User avatar
John_Spikowski
Posts: 1614
Joined: Wed Apr 03, 2019 5:53 pm
Location: Anacortes, WA USA
Contact: Website Twitter

Re: Project Digital Apocalypse Not Now

Fri Jul 26, 2019 1:13 pm

What is absurd is your belief that the JavaScript monkey can do unlimited tricks

Heater
Posts: 15950
Joined: Tue Jul 17, 2012 3:02 pm

Re: Project Digital Apocalypse Not Now

Fri Jul 26, 2019 1:32 pm

I believe no such thing.

Which is why my solution is also in C/C++.

Although it has to be noted that the JS solution is only 3 or 4 times slower.

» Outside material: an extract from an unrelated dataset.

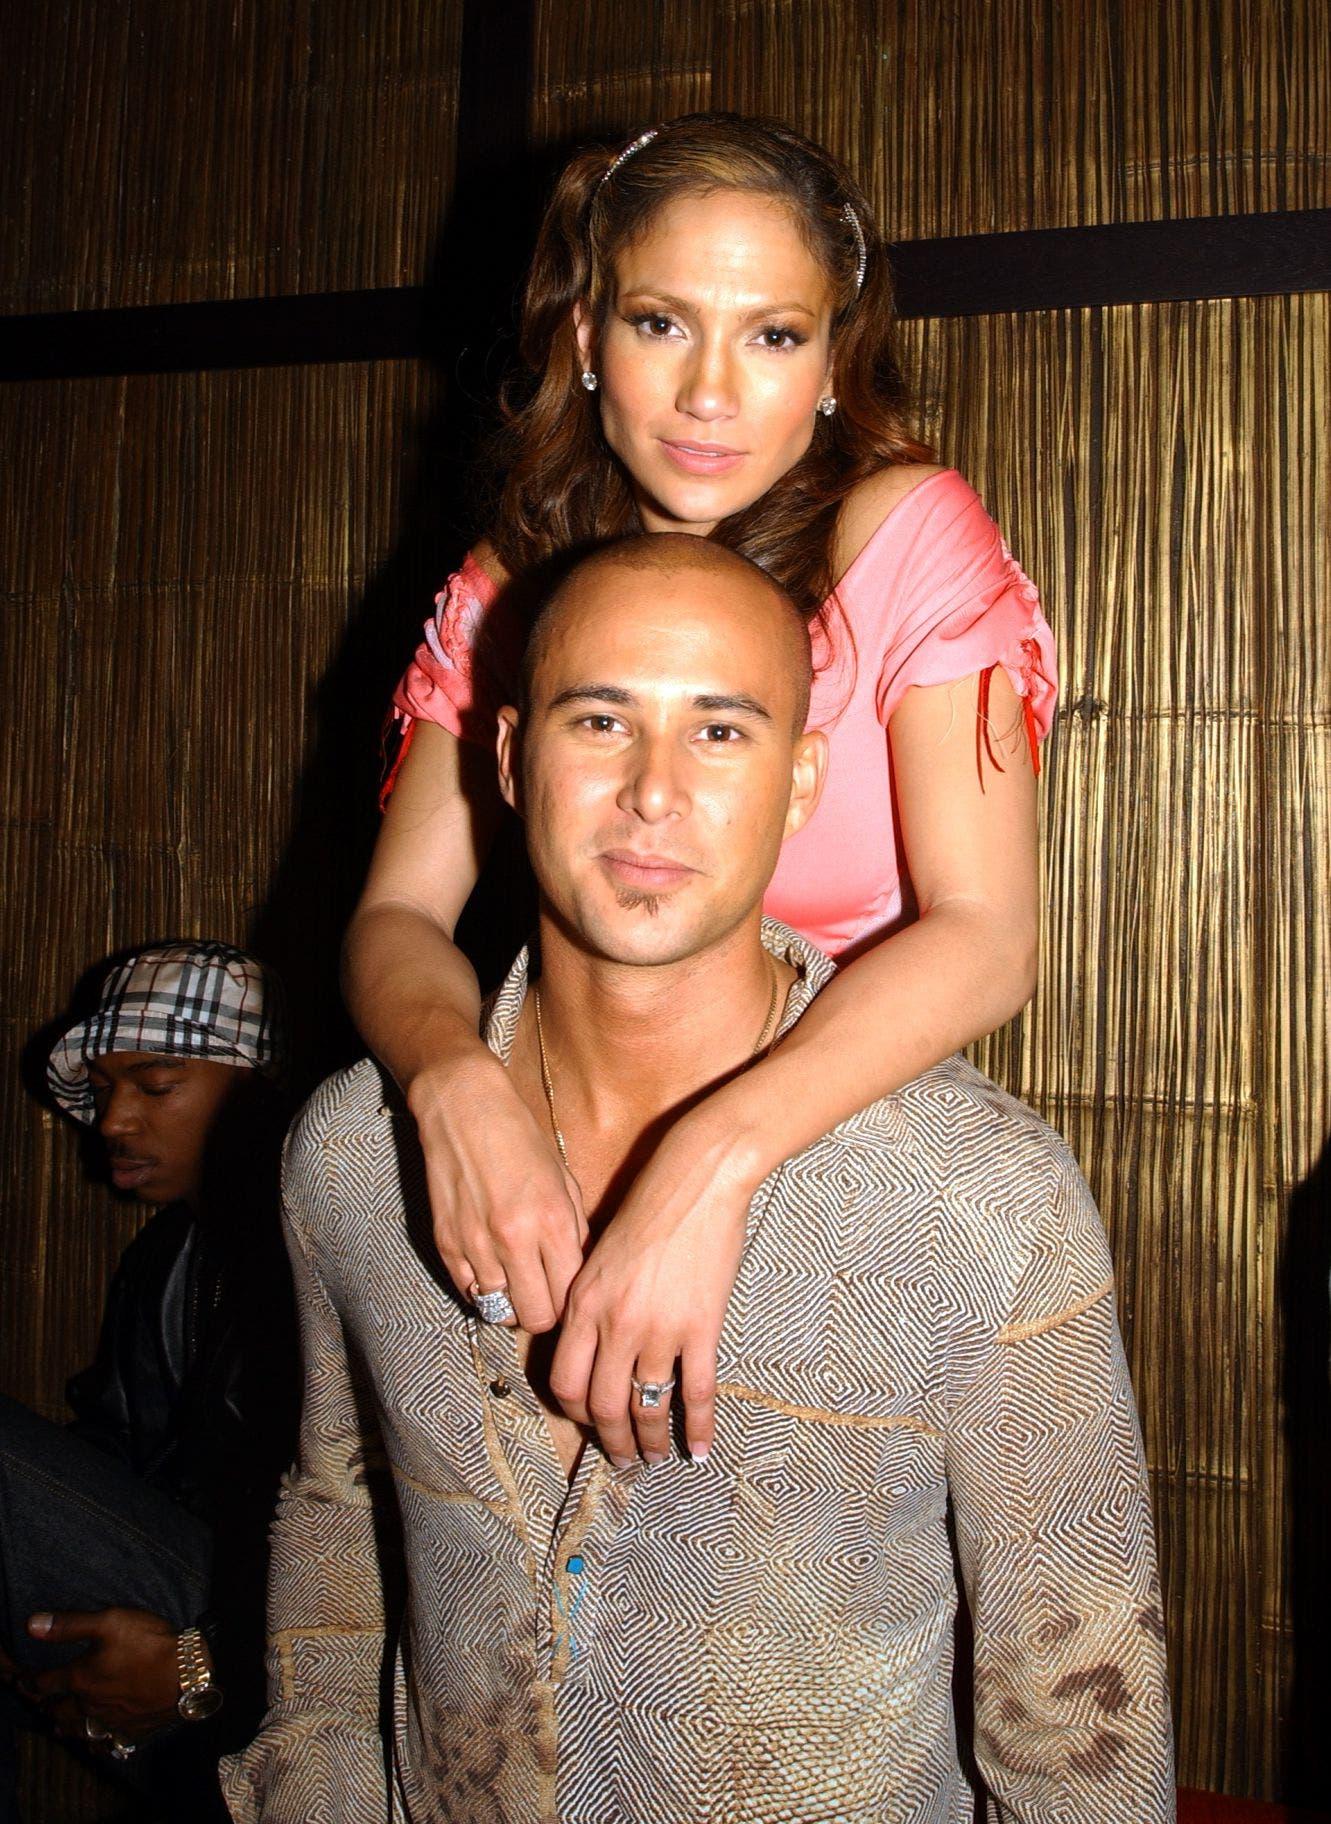 جينيفر مع خطيبها كريس جود

Which I find pretty amazing.
Memory in C++ is a leaky abstraction .

Heater
Posts: 15950
Joined: Tue Jul 17, 2012 3:02 pm

Re: Project Digital Apocalypse Not Now

Fri Jul 26, 2019 1:46 pm

ejolson,
If that is the same code as posted here, then it does not include the heap data structure and is consequently an O(n^2) algorithm.
I was thinking about that...

The user formerly known as "ScriptBasic" once intimated that in ScriptBasic, the language interpreter, arrays are not actually arrays. They are implemented as linked lists.

That means that when estimating algorithmic complexity we have to count an array access, e.g. A[n], as linear time rather than constant time.

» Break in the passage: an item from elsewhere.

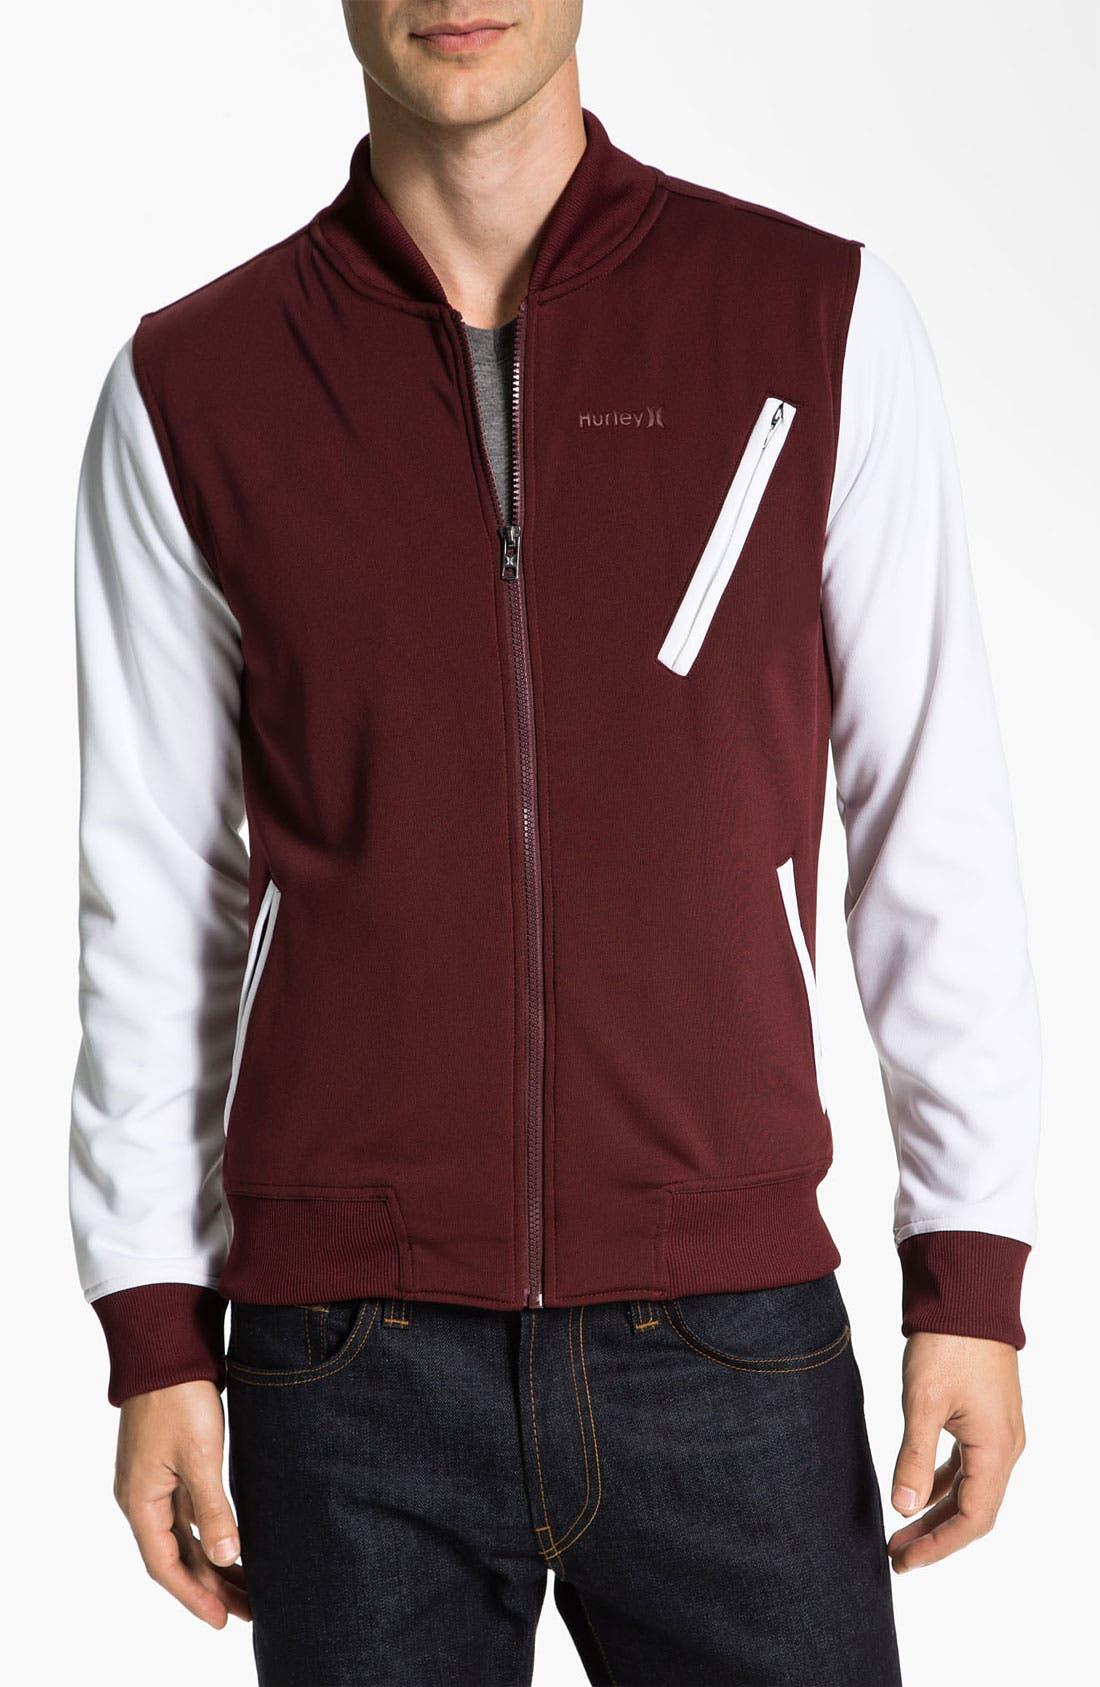 Alternate Image 1 Selected - Hurley 'Velocity' Fleece Varsity Jacket

That means, as far as I can tell, we move up from an O(n^2) problem to an O(n^3) problem.

So the 1 minute 35 seconds becomes 95 * 60^3 = 20520000 seconds. Or about 240 days!

Am I right?

If so, this is never going to produce a result before Win 10 upgrades itself, we have a power failure, it's caused so much global warming nobody is left alive to care.
Memory in C++ is a leaky abstraction .

ejolson
Posts: 5377
Joined: Tue Mar 18, 2014 11:47 am

Re: Project Digital Apocalypse Not Now

Fri Jul 26, 2019 2:00 pm

John_Spikowski wrote:
Fri Jul 26, 2019 1:13 pm
What is absurd
While one of the topics of this thread is what makes a good first programming language, the way I see it, the focus of the insane British anagram challenge is not so much on programming languages but on people writing code to perform a particular task.

As already demonstrated, there are a number of different algorithms and data structures that can be used--quick sort, merge sort, bubble sort, unique factorisation theorem, associative arrays, hash tables, collisionless hash functions and a heap. Maybe even dogarithms, but then again maybe not.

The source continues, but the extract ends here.